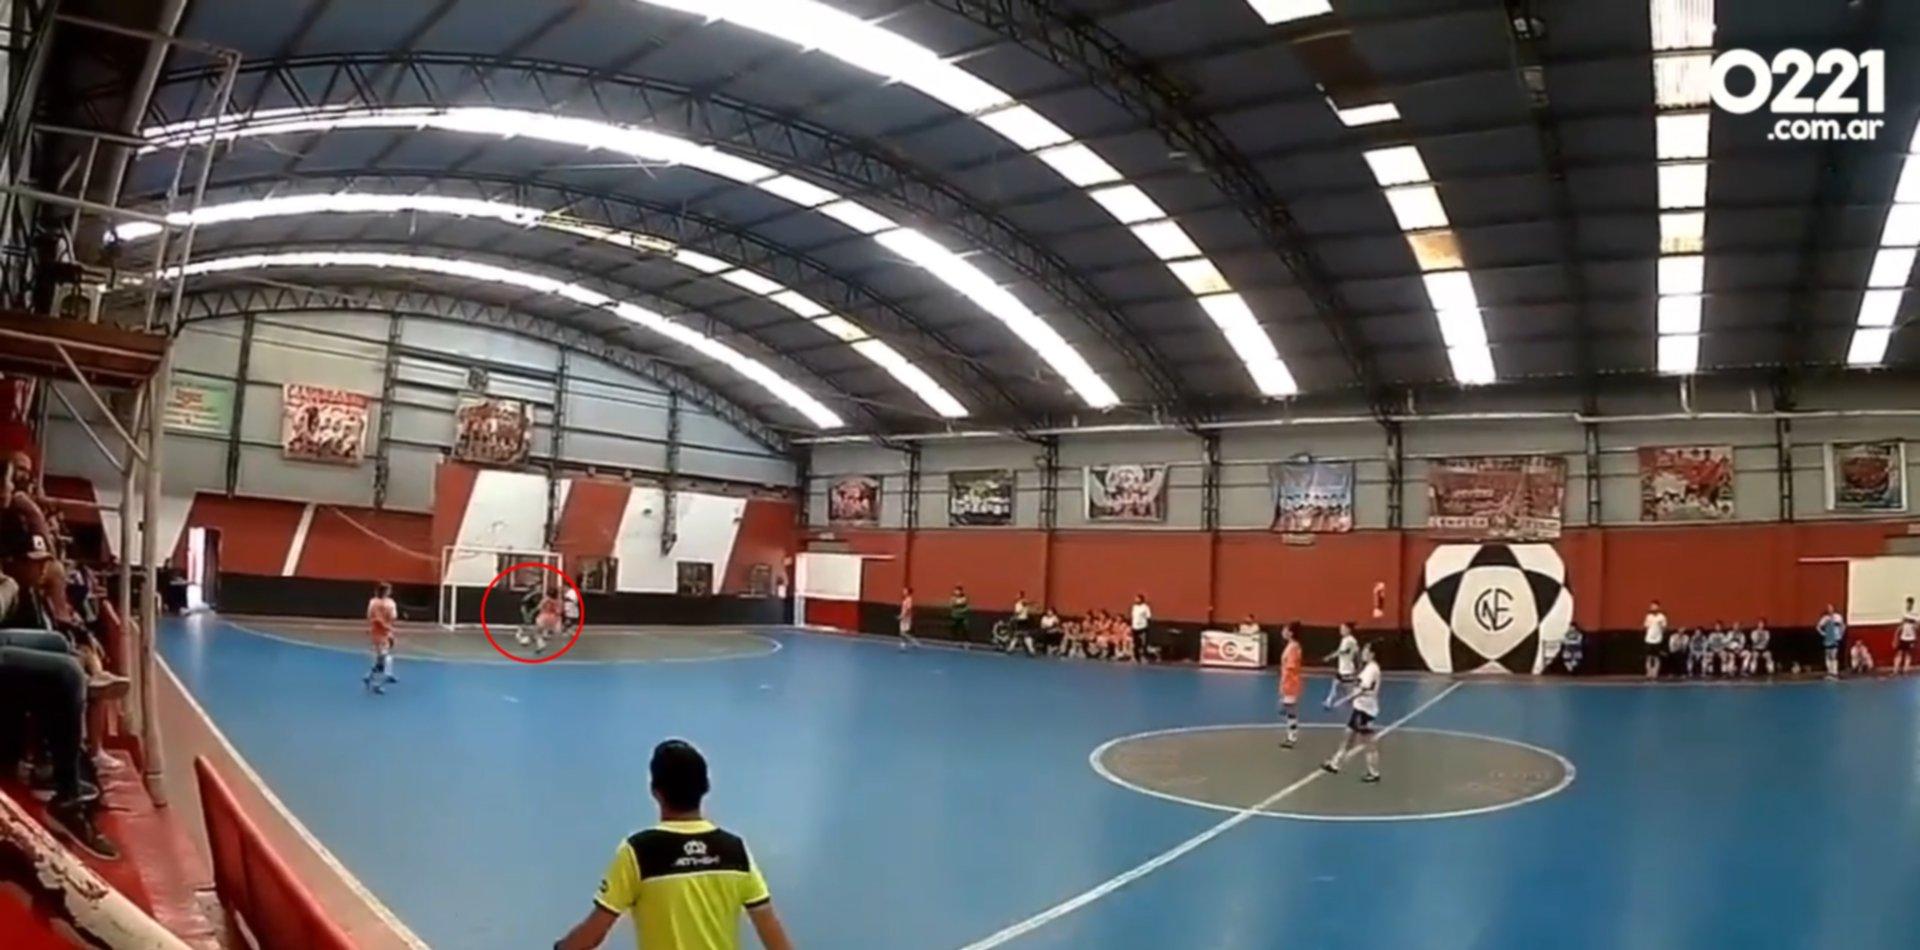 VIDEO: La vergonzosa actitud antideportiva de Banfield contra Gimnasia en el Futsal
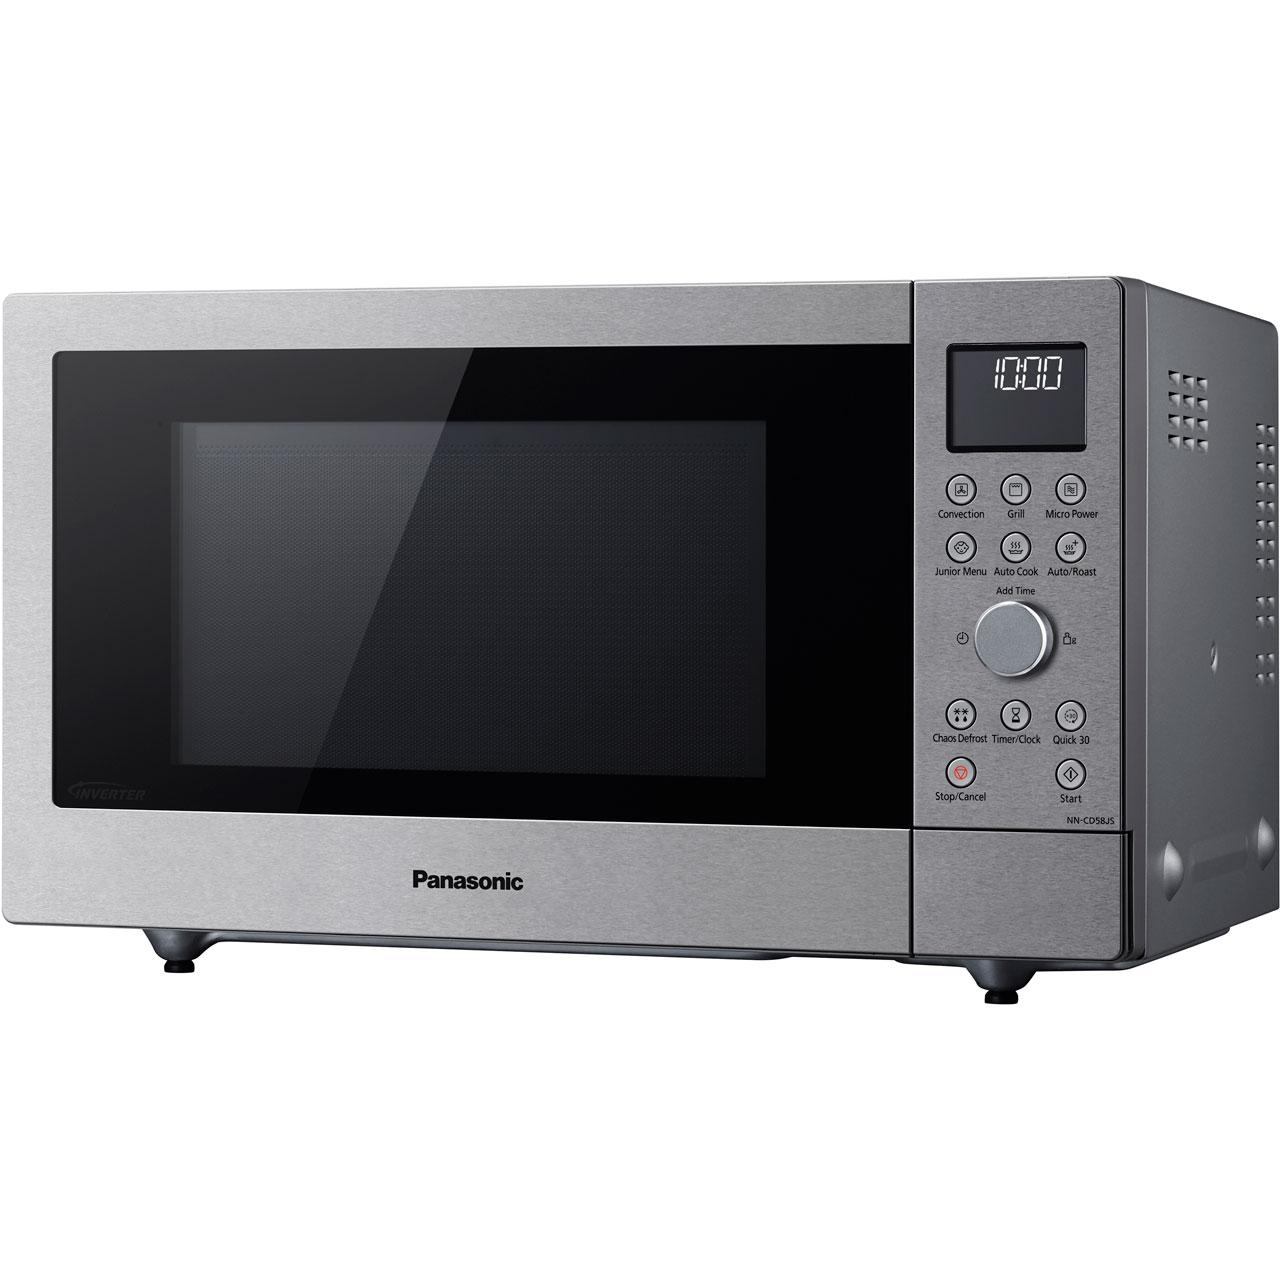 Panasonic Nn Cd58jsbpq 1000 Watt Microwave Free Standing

--- --- ---

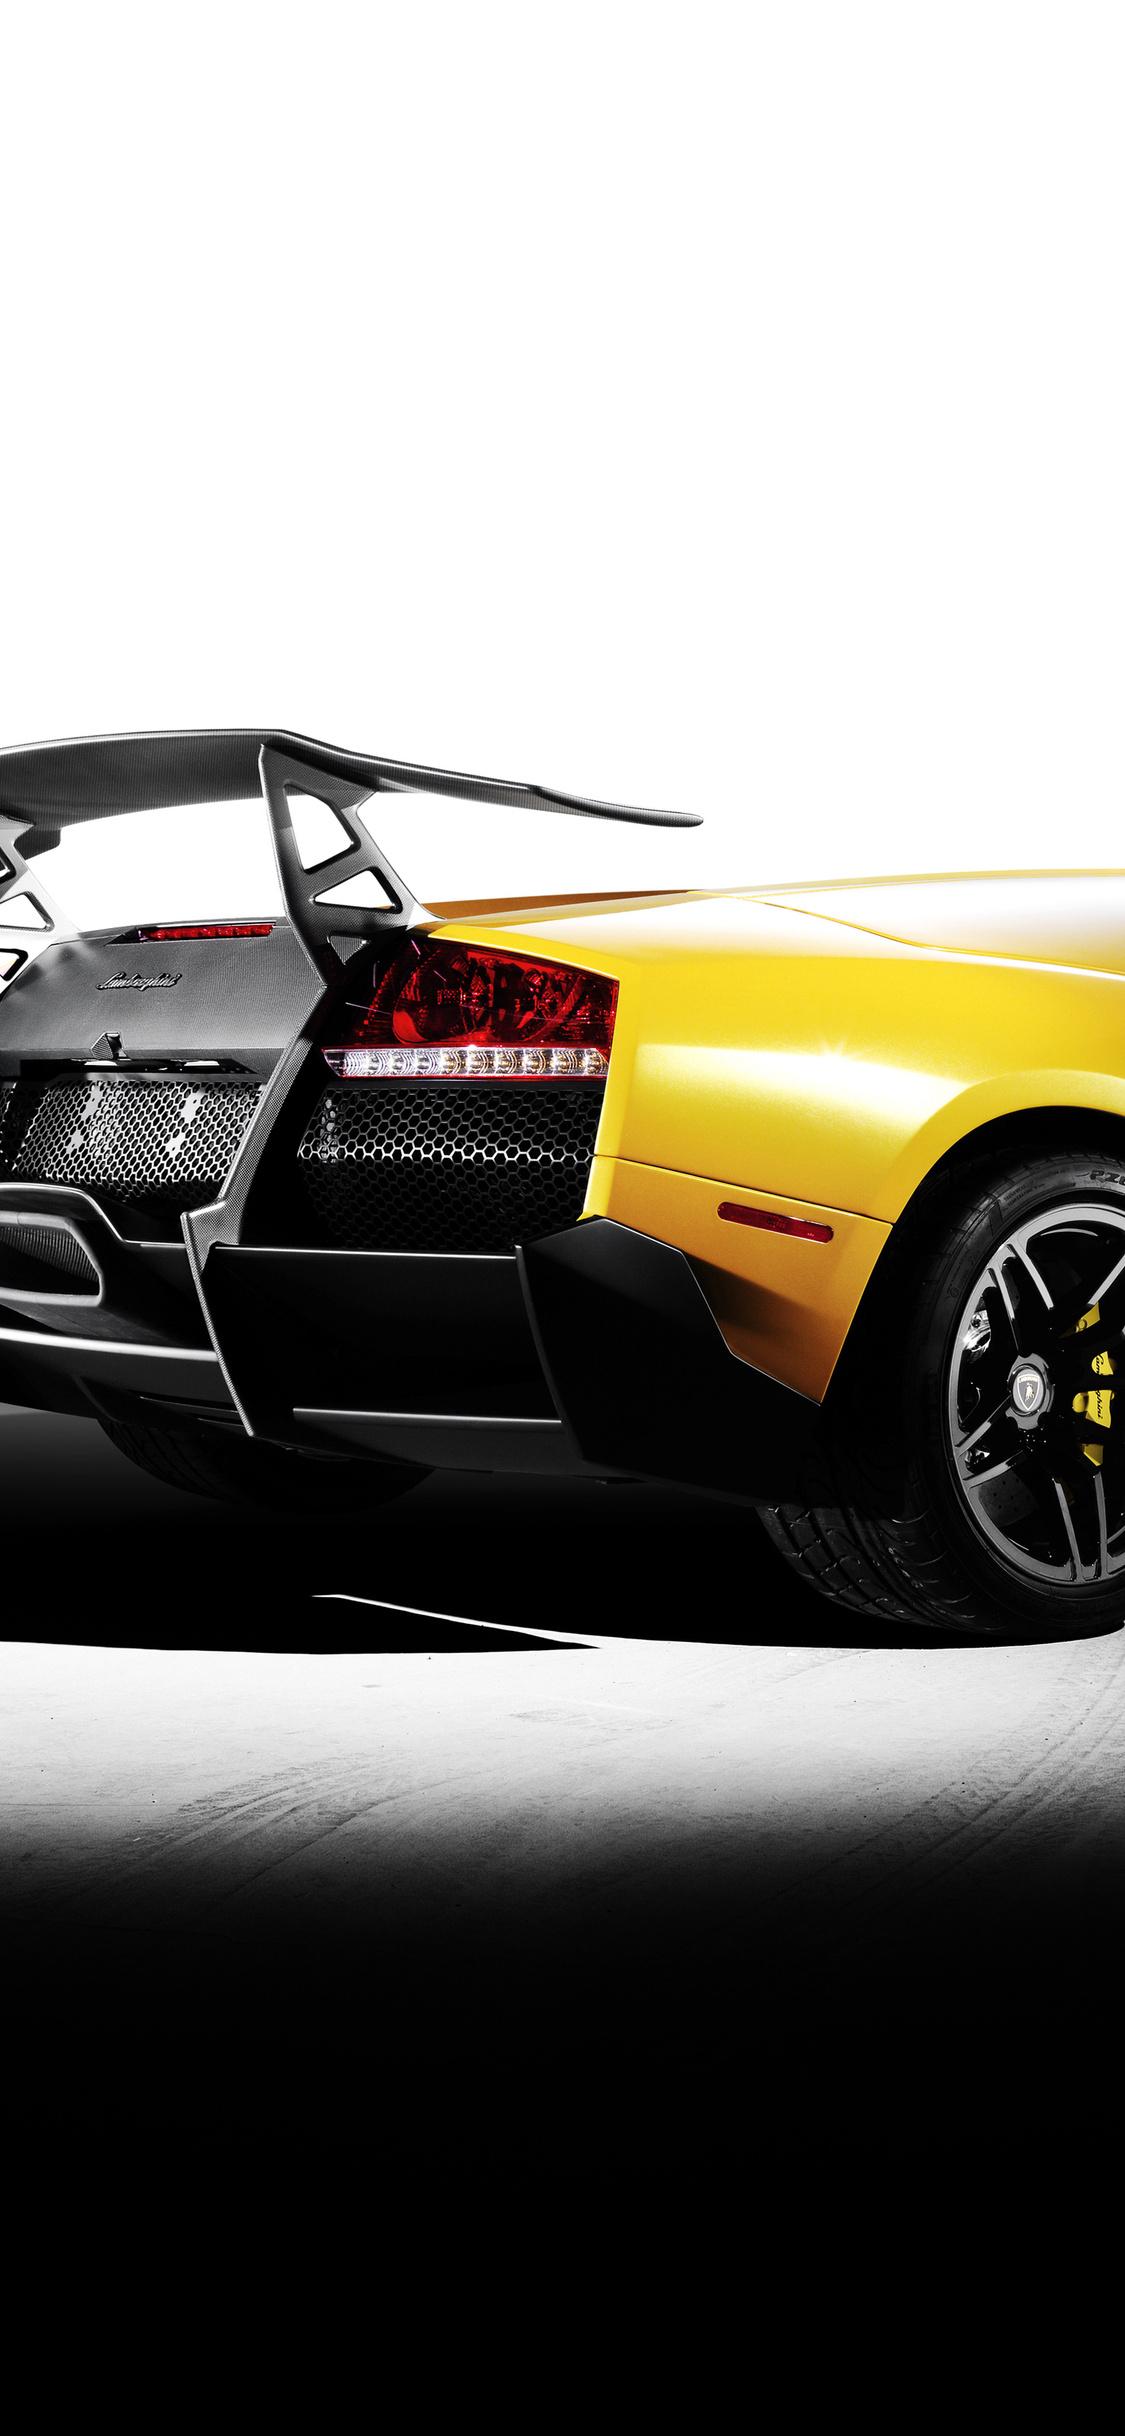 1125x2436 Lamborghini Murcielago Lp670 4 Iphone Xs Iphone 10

--- --- ---

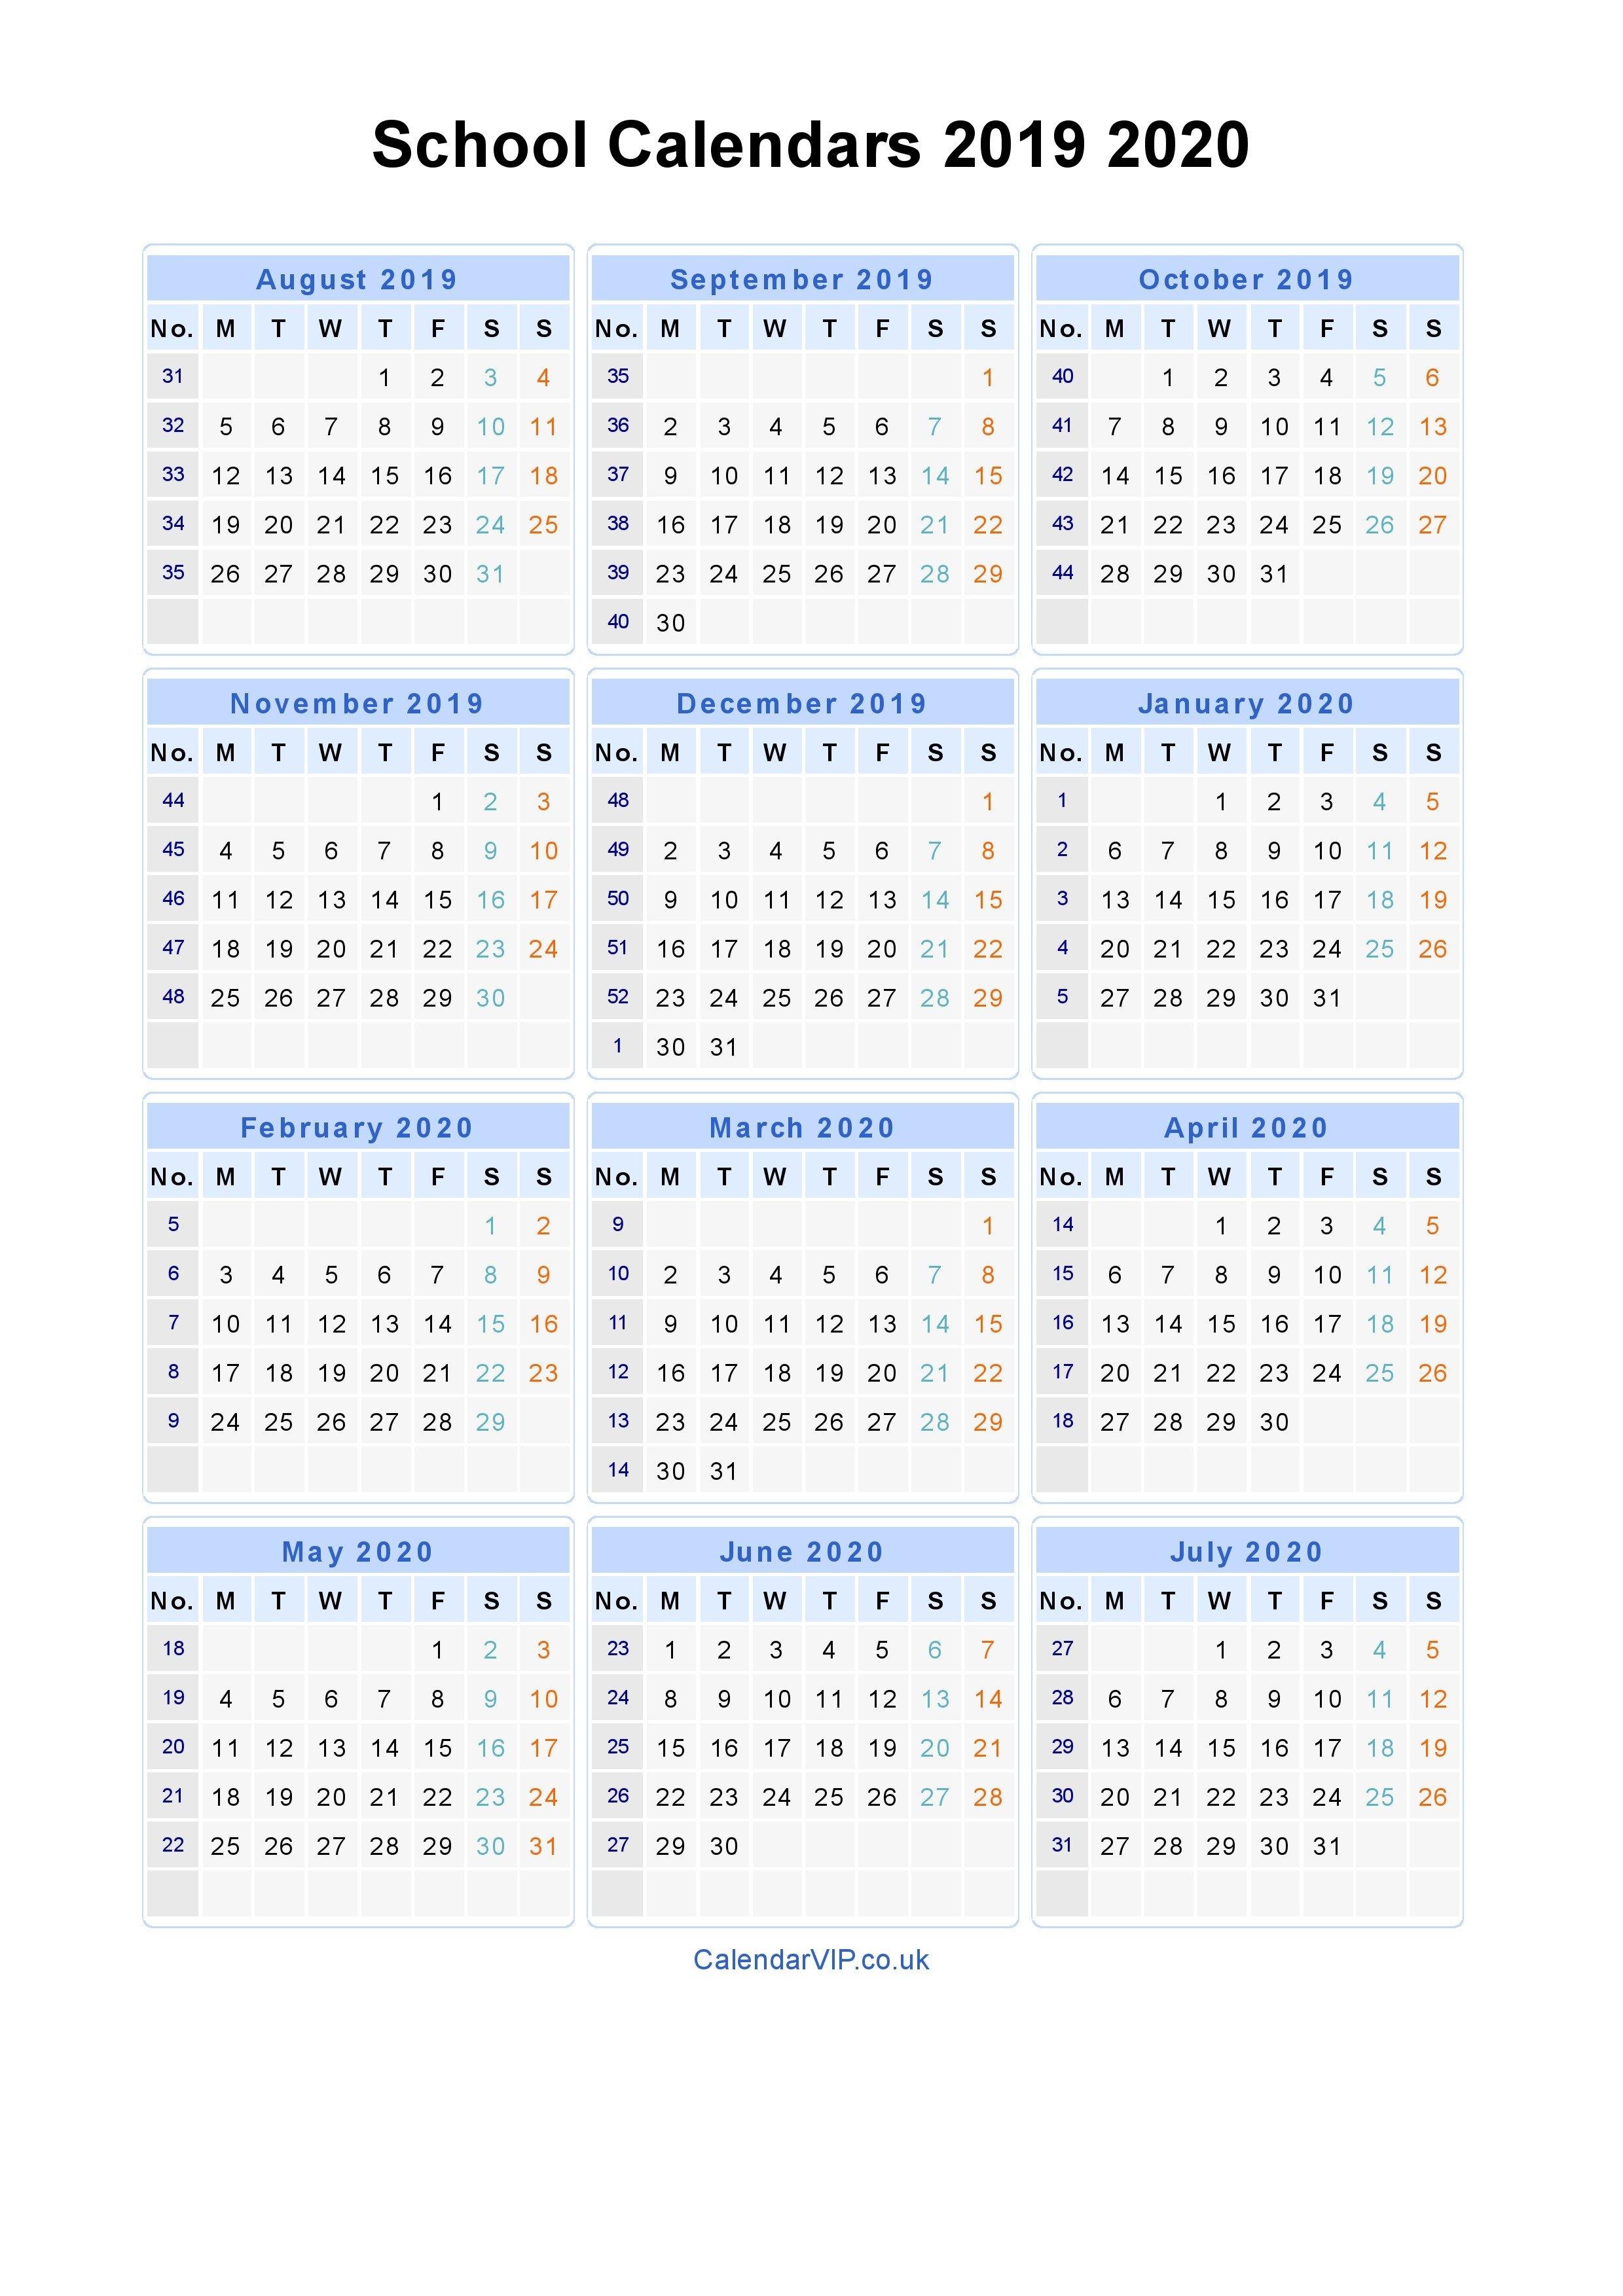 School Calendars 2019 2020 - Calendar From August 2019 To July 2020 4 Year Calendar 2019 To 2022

--- --- ---

» Problem to solve: Output only the lines above from the line that holds "VIDEO: La vergonzosa" through the line that holds "Panasonic Nn Cd58jsbpq", both ends included, and exclude pictures.

» Reply:
 VIDEO: La vergonzosa actitud antideportiva de Banfield contra Gimnasia en el Futsal
 Panasonic Nn Cd58jsbpq 1000 Watt Microwave Free Standing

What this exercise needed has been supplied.